AIM OF THE TASK
Write the listing out again word for word, leaving each picture behind.

EXTRACTED ENTRIES
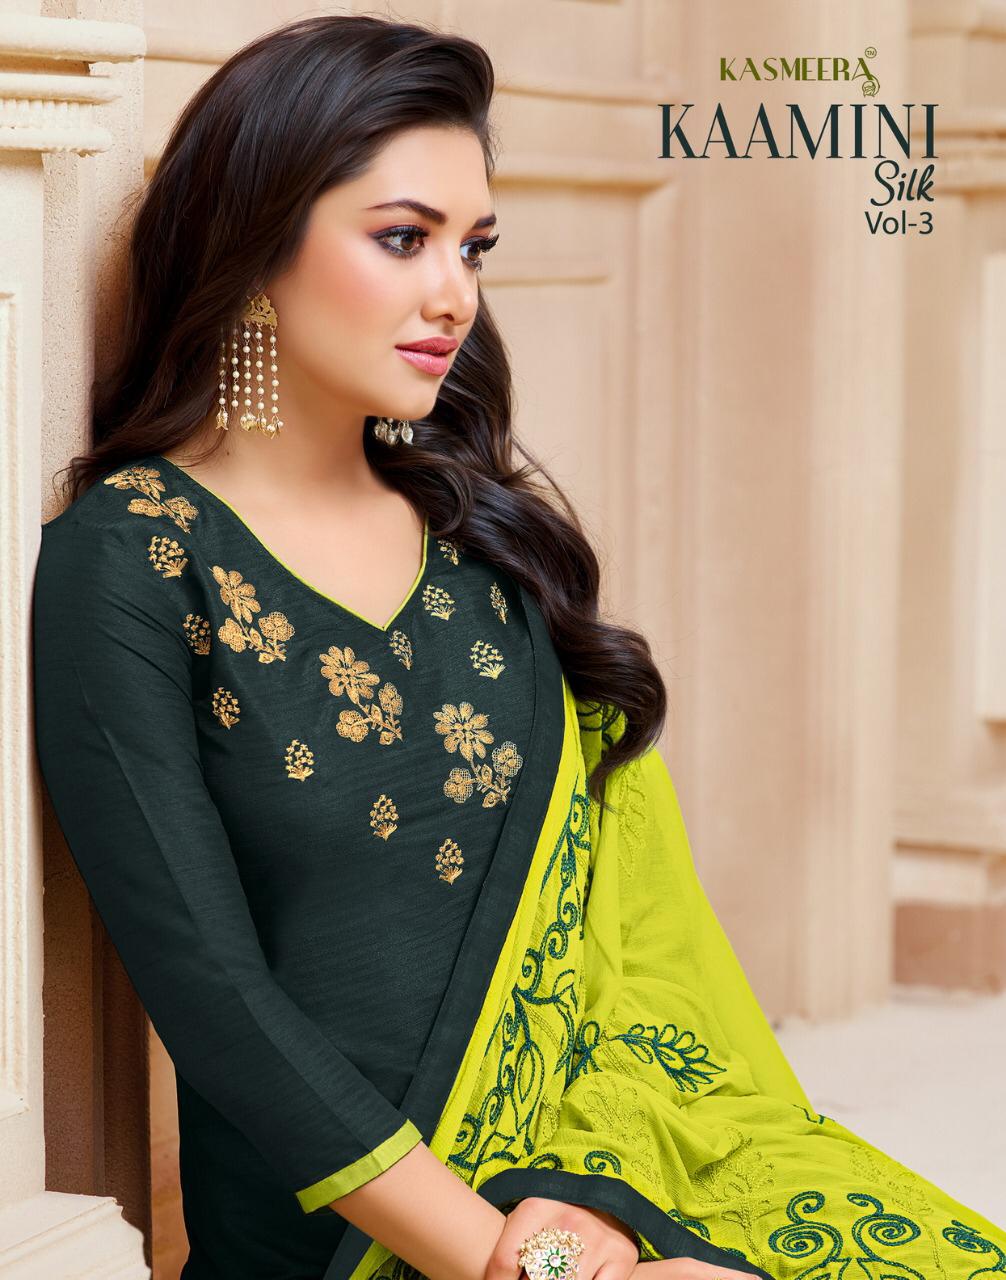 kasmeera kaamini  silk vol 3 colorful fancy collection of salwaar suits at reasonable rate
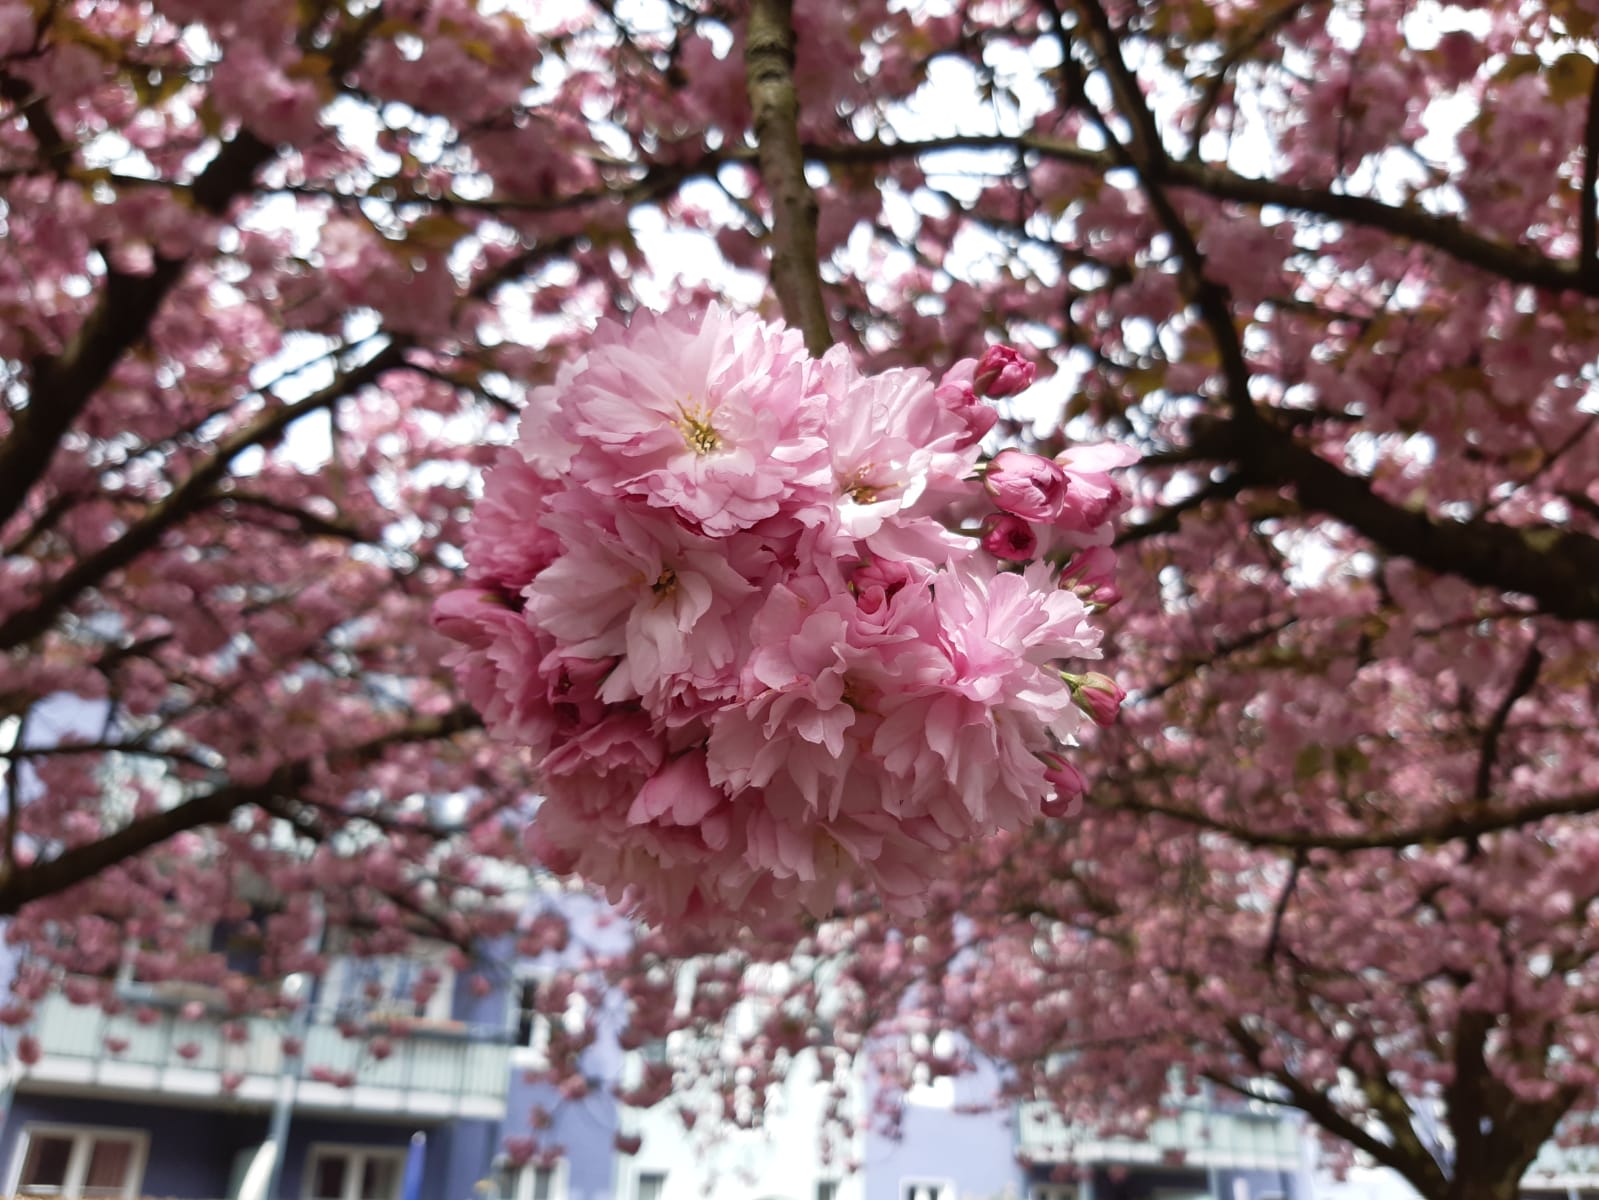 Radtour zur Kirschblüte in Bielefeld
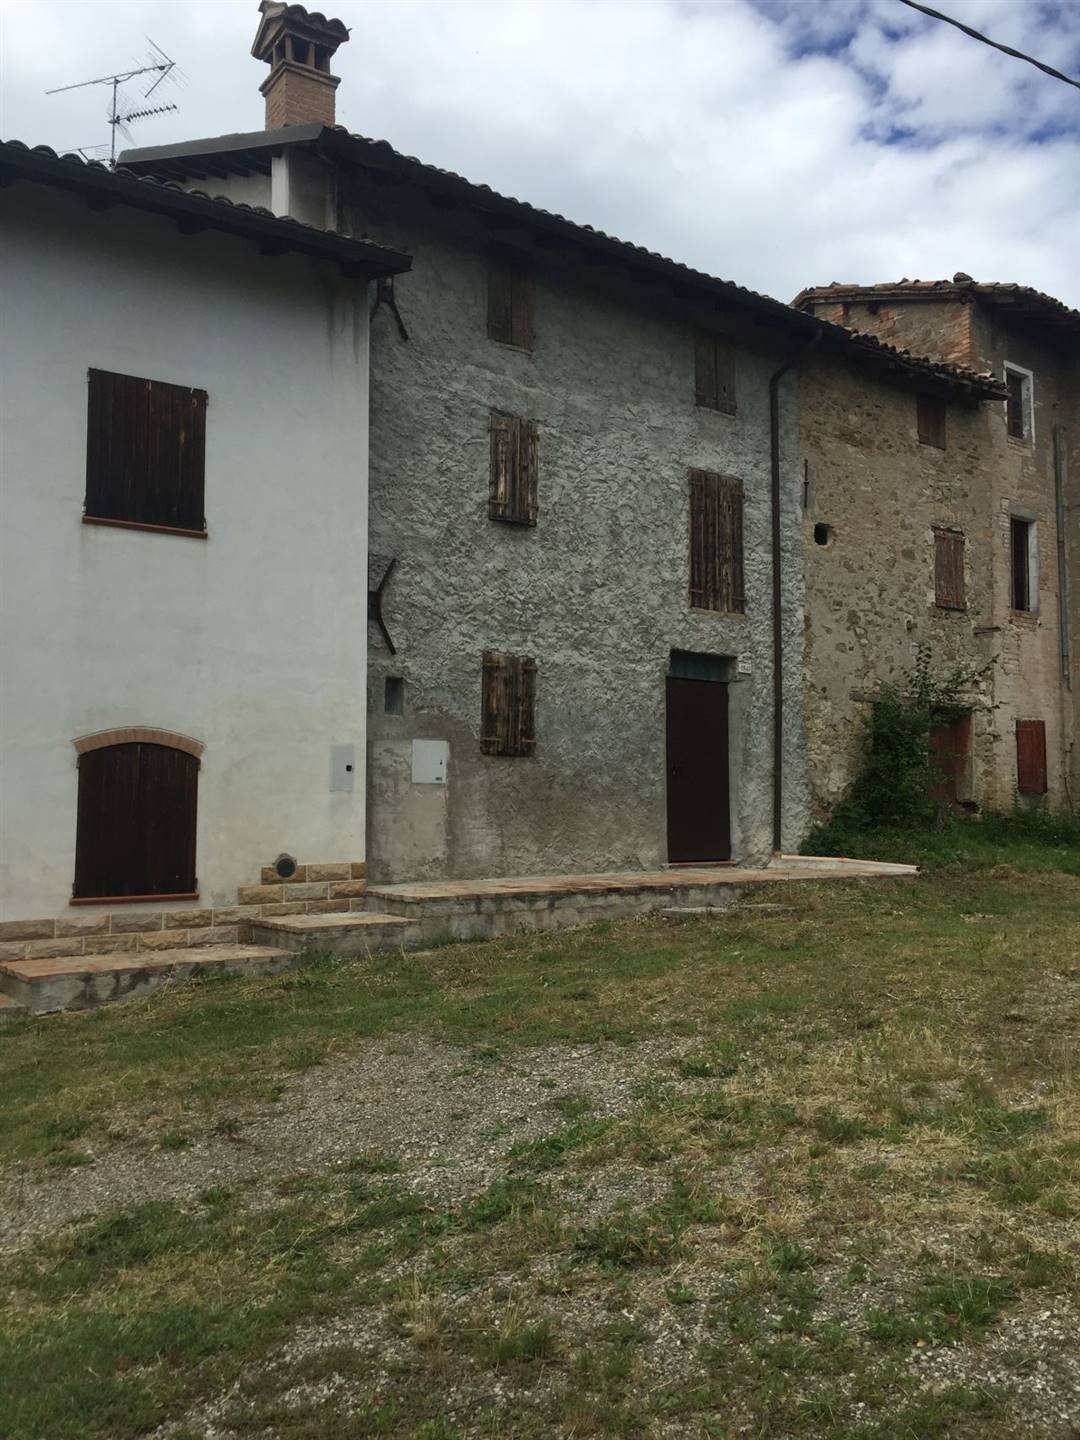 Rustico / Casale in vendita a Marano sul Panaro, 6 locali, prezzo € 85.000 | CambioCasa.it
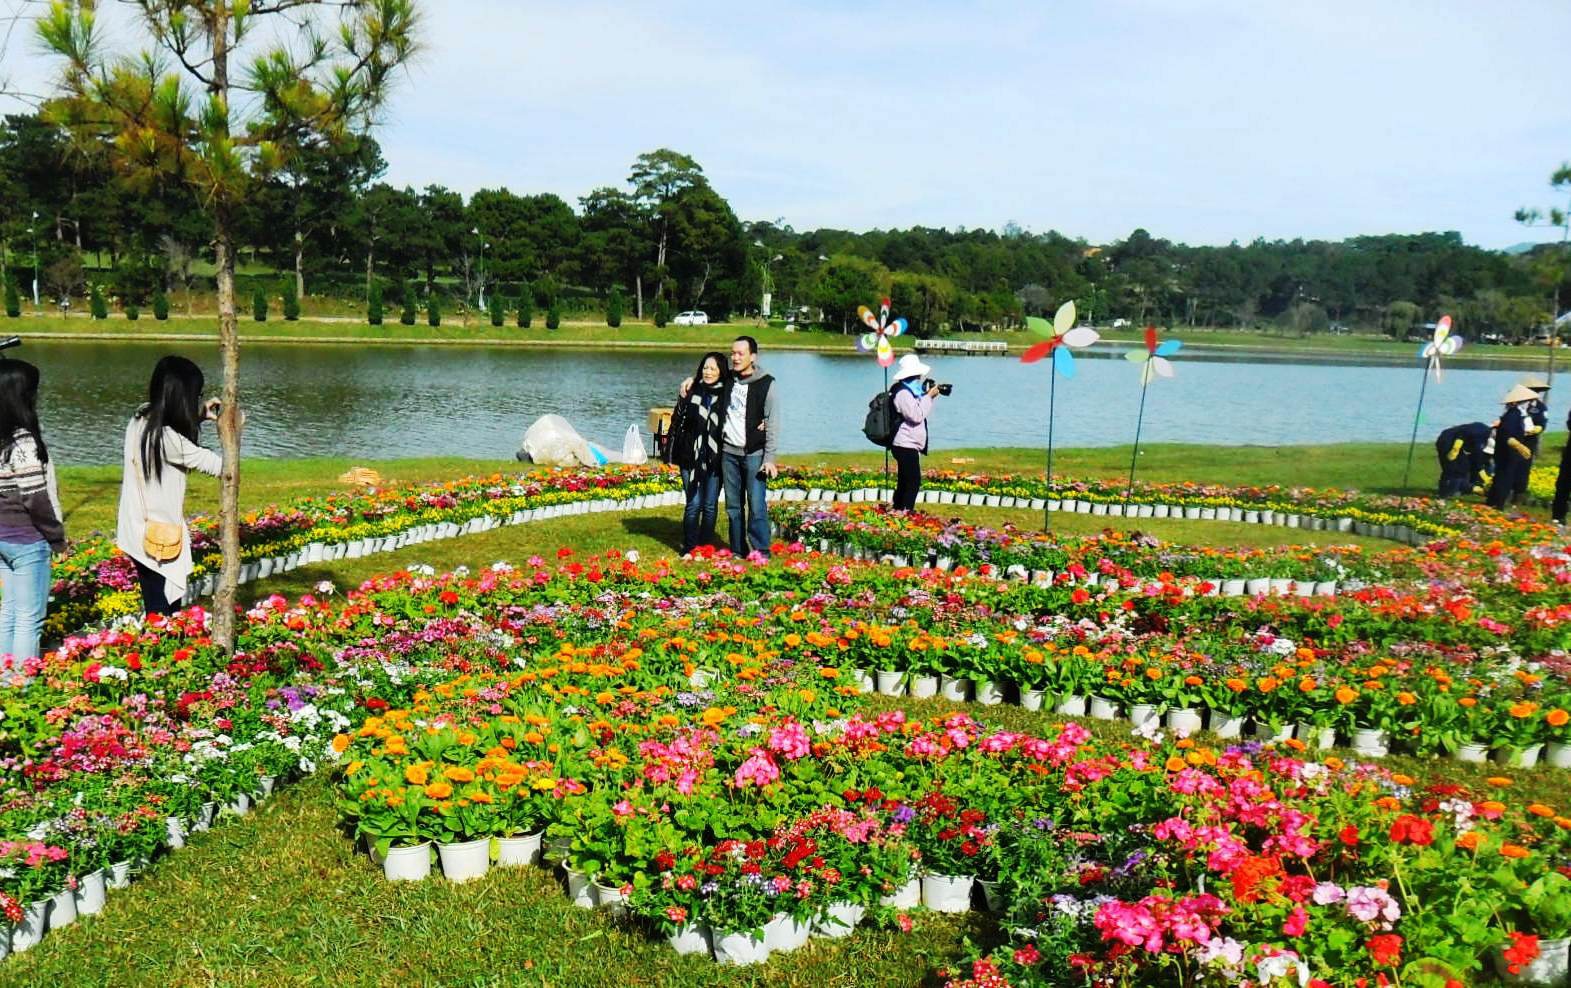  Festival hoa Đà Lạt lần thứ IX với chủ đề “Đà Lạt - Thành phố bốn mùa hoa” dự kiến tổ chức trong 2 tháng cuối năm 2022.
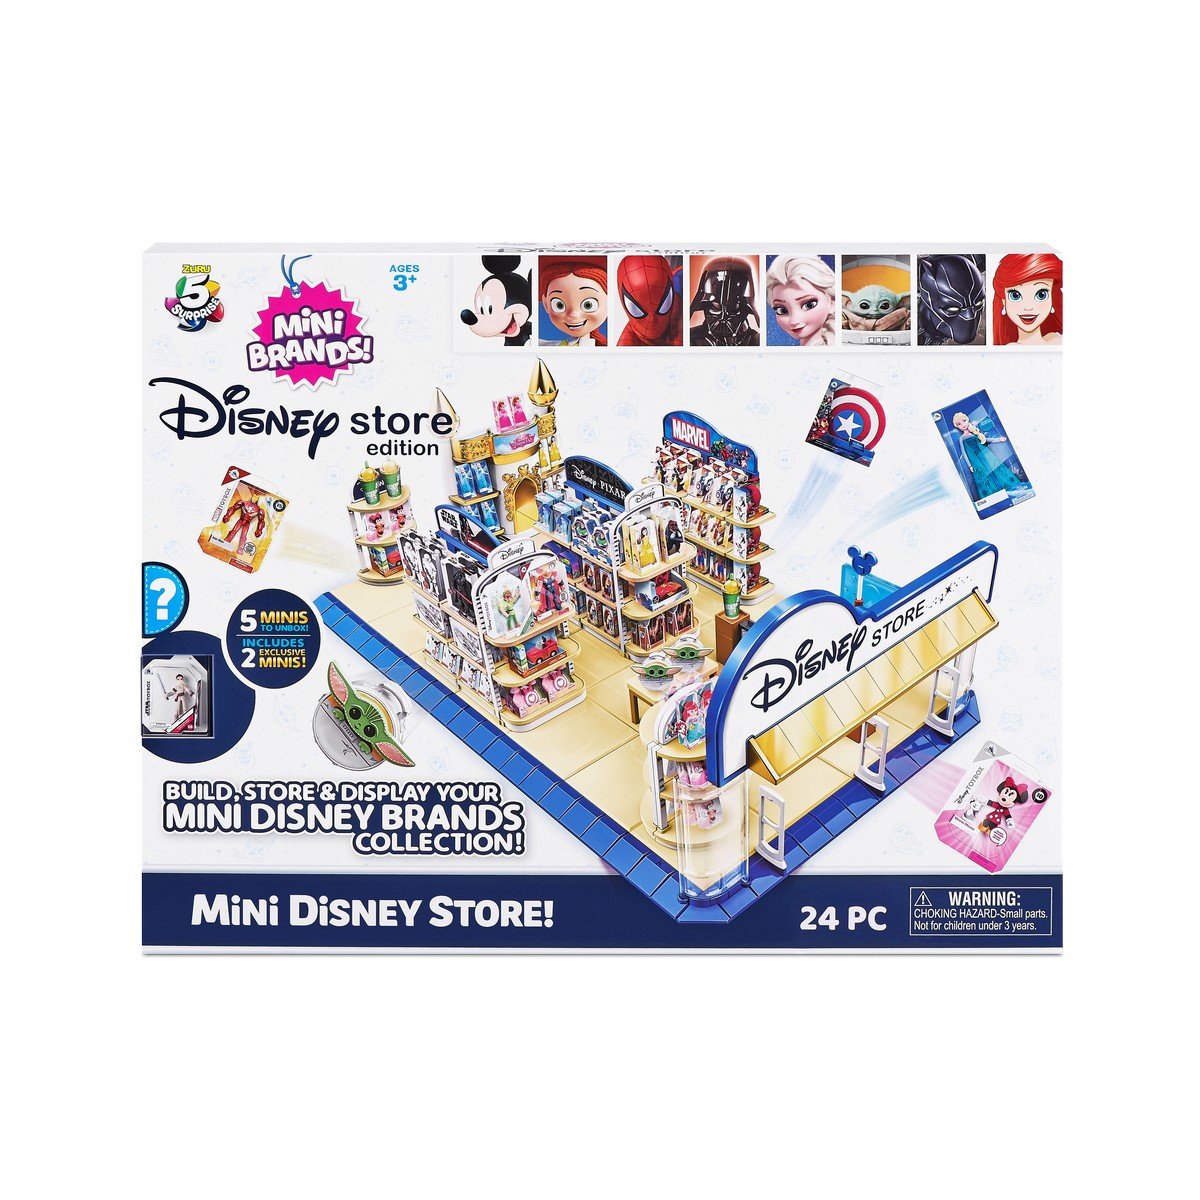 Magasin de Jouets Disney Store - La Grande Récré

RESULT OF THE TASK
 kasmeera kaamini  silk vol 3 colorful fancy collection of salwaar suits at reasonable rate
 Radtour zur Kirschblüte in Bielefeld
 Rustico / Casale in vendita a Marano sul Panaro, 6 locali, prezzo € 85.000 | CambioCasa.it
  Festival hoa Đà Lạt lần thứ IX với chủ đề “Đà Lạt - Thành phố bốn mùa hoa” dự kiến tổ chức trong 2 tháng cuối năm 2022.
 Magasin de Jouets Disney Store - La Grande Récré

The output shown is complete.